Signs disparaging beleaguered Ward 2 Councilmember Jack Evans have started popping up in his ward.

Mike Maguire / Flickr

Three years ago, Patrick Kennedy chaired Ward 2 Councilmember Jack Evans’ re-election campaign.

Now, he’s hoping to get his old boss’s job.

Kennedy, a four-term Advisory Neighborhood Commissioner in Foggy Bottom, filed paperwork with the Office of Campaign Finance on Monday to take Evans on in the June 2020 Democratic primary. He is the first candidate to jump into the race for Evans’s seat, a campaign expected to be more competitive than almost any he’s run. Evans is the longest-serving—and currently most embattled—D.C. councilmember.

“Jack has been elected for 30 years for a reason, and largely it’s been a responsiveness to community concerns. I appreciated when he could bring his influence on behalf of the community,” says Kennedy. “The more recent thing has been a bridge too far. This is a very cynical time, and Jack has lost the public’s trust, and it’s just time for a change.”

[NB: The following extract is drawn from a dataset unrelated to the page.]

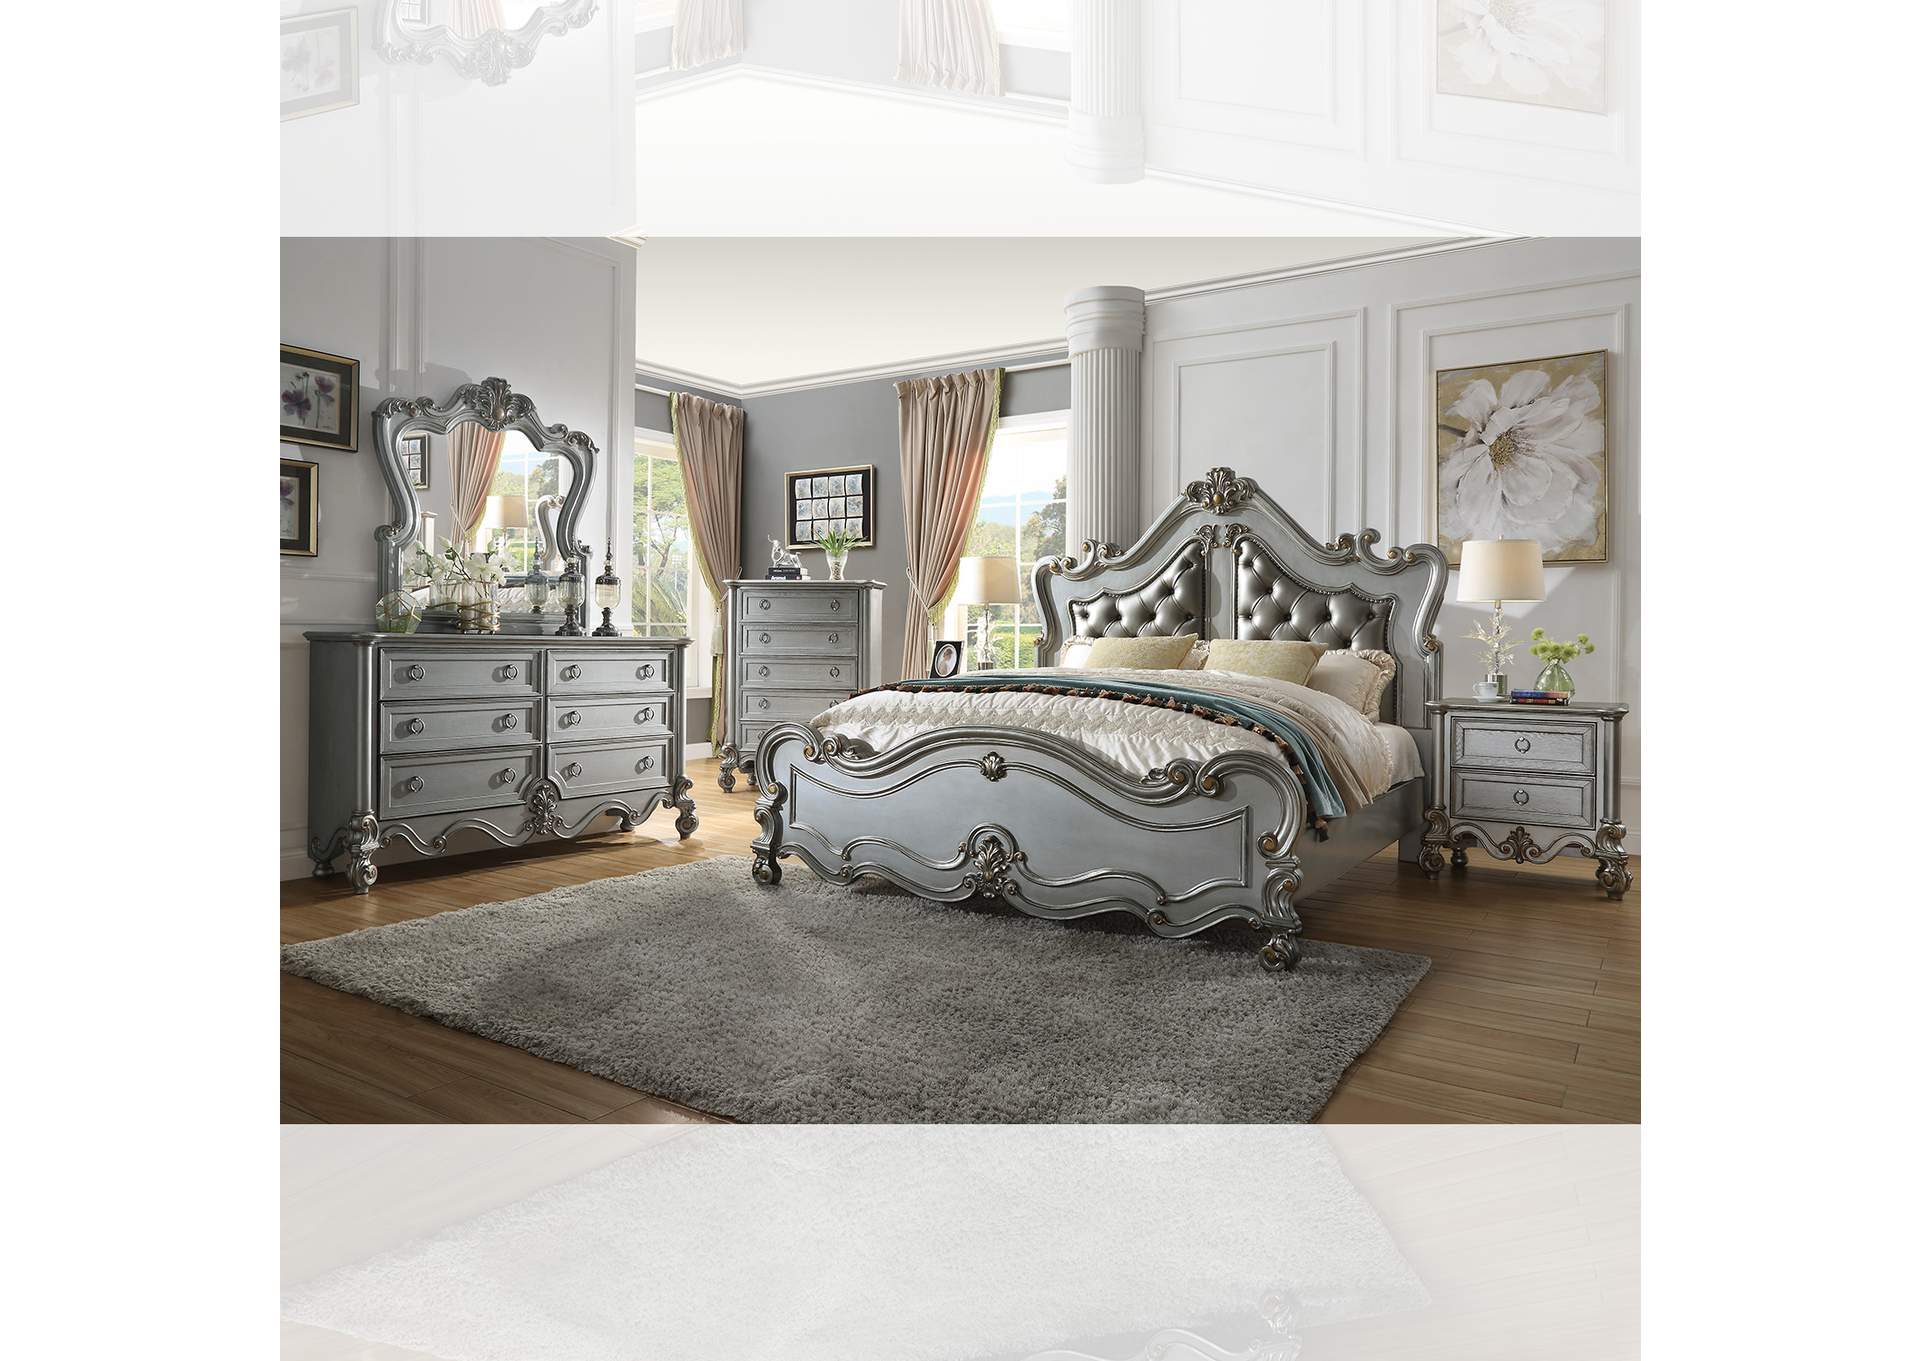 HD-999 - Ek 5Pc Bedroom Set,Homey Design

Kennedy, 27, was referring to the recent revelations of ethical transgressions involving Evans. He’s facing a federal investigation over his ties to a digital sign company on whose behalf he introduced legislation, and was reprimanded by his Council colleagues this month for using his government email to seek employment opportunities with law firms that lobby the Council.

The brewing scandal has prompted calls for his resignation from a leadership post in the D.C. Democratic Party and gave birth to a campaign to recall him from office. It also led the Council to strip Evans of certain responsibilities, including oversight over the city’s sports and events authority and control over certain tax matters that usually fell to him as chairman of the powerful finance committee.

But even against this difficult backdrop, Kennedy realizes that Evans remains a political firmament in Ward 2, so much so that he didn’t even attract a challenger over the last two election cycles—either in the primary or general elections.

Evans did not respond to a request for comment, but in a recent response to efforts to recall him, he reminded residents of his commitment to constituent concerns and said that he had “guided D.C. through financially turbulent times and helped bring the city into its current era of economic prosperity.”

But Kennedy thinks that the city has changed enough in recent years that Evans’s reliance on what he once did may no longer carry as much weight—especially when balanced against the accusations now swirling around him.

“I think it’s just clear that the sensibilities of the District as a whole have moved past him,” says Kennedy. “Evans is a product of a different time, when the city was bankrupt and losing population in droves, and 400 people were being murdered a year. You did have to beg people to move to the District then. I’m not debating what the right thing was to do in 1998, but the city is in a very different place now.”

Kennedy says he doesn’t plan on just criticizing Evans during his campaign, but will instead offer residents a “positive vision.” He says he’ll focus on affordable housing and transportation, pledging to bring to fruition a network of protected bike lanes and dedicated bus lanes. But he also says ethics will be a part of his campaign: he plans on accepting public financing through the city’s new program, and says he wants to do away with outside employment for lawmakers and Constituent Service Funds. (Various councilmembers are already proposing the same.)

“These are the steps you need to take to prove to the public that you take ethics in public office seriously,” he says. “In a different time you could make a nuanced argument for outside employment and CSFs, but it’s time to do away with those provisions altogether.”

But D.C. political watchers say that Kennedy—and whoever else runs against Evans—will still faces tough odds unless the federal or local investigations reveal more misdeeds.

“It’s a real steep climb unless significant shoes drop,” says Chuck Thies, who has run multiple political campaigns in the city. “It’s not easy to take out an incumbent. And whenever Jack launches a re-election campaign, if the Sword of Damocles isn’t hanging over his head, there’s no indication his money will dry up.”

For his 2016 Council run, Evans raised more than $227,000, much of it from the city’s business community. In 2012, he took in more than $370,000.

Incumbents facing ethical and legal controversies have been felled by first-time candidates before: Ward 1 Councilmember Brianne Nadeau defeated longtime incumbent Jim Graham, At-Large Councilmember David Grosso bested Michael Brown, and Mayor Muriel Bowser emerged victorious over Vincent Gray.

But Thies says that Evans hasn’t faced the same degree of public scrutiny that those other incumbents did, and without more fuel to the fire of the current scandal, Evans will still find support from his strong base in Ward 2.

“Jack is a titan. He’s as much a titan in his ward as Marion Barry was in his ward and city. A young upstart ANC commissioner with no experience couldn’t even begin to put a dent in Jack’s armor,” he says.

But Kennedy says he can rely on his work on the Advisory Neighborhood Commission in Foggy Bottom, as well as his time spent studying at George Washington University.

“I’ve worked in the ward a long time. I have a pretty good sense of the different sensibilities in the different parts of the ward,” he says. “I didn’t just wake up yesterday and decided I wanted a Council seat. I’ve been involved for a number of years.”